Hoping for some advice on what my slug gun would be worth…. Just don’t gun hunt anymore.
Remington 870
12ga
2 3/4 & 3”
Fully rifled with sights
Nikon pro staff 2-7x 32
Decent shape normal marks on stock and slight surface rust on receiver and barrel
Any advice on asking price would be appreciated


----------



## juggerman (Jun 12, 2012)

300.00

Sent from my SM-G970U using Tapatalk


----------



## ironman172 (Apr 12, 2009)

What do you think its worth? You should have some idea, and how bad do you want to sell it? ?..... its worth what someone's willing to pay, and how bad they might want or need it.....to me not much (I've retired my shotgun use)...... 
Good luck if you decide to sell it 
Better advice then mine im sure is coming


----------



## Outasync (Mar 5, 2016)

12 or 20 gauge?


----------



## edge13 (Jan 11, 2007)

Sorry 12ga


----------



## Smitty82 (Mar 13, 2011)

Lication?


----------



## edge13 (Jan 11, 2007)

I’m in Canfield


----------



## DHower08 (Nov 20, 2015)

300 absolute tops.

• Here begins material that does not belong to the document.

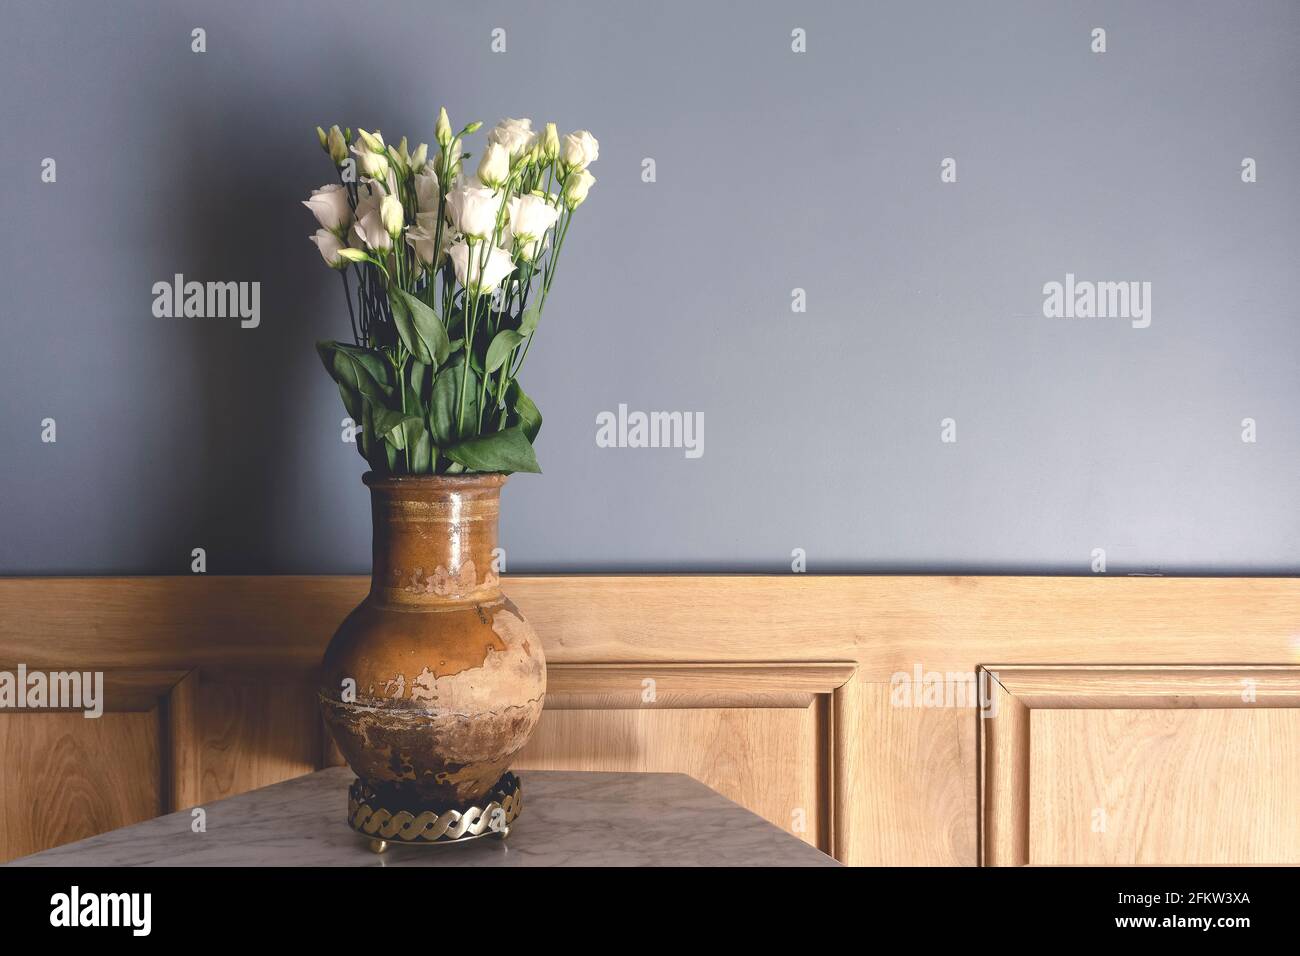 Chambre de style rétro. Vieux vase en argile avec fleurs blanches roses sur le fond d'un mur gris vide. Intérieur vintage d'un salon de maison ancienne. Décoration ancienne et décoration intérieure. Photo de haute qualité Banque D'Images

With straight walls legal in Ohio now alot of folks don't slug hunt anymore. If your serious about getting rid of it pm me


----------



## ya13ya03 (Sep 21, 2010)

I'd say it's worth $400. That's the new price and it has a nice scope and ready to go. They are hard to find right now. I wouldn't take less than $375 to a stranger. The buddy price is a different subject.


----------



## fireline (Jun 14, 2007)

Change barrels and you have a great turkey gun


----------



## edge13 (Jan 11, 2007)

Thanks for all the input everyone!
I’m going to take some better pics and throw her up in the marketplace for $350


----------



## Smitty82 (Mar 13, 2011)

If you lived closer I’d buy it today, but it’s just to far for me. It should sell quick! I wouldn’t take less than 350 unless it’s to a friend.


----------



## Popspastime (Apr 1, 2014)

You can't replace it for $300.. guaranteed. Keep it and pass it down to a family member instead of giving it away.


----------



## one3 (Dec 1, 2015)

You are asking what it is worth. Slug guns and compound bows Today do not sell for much.


----------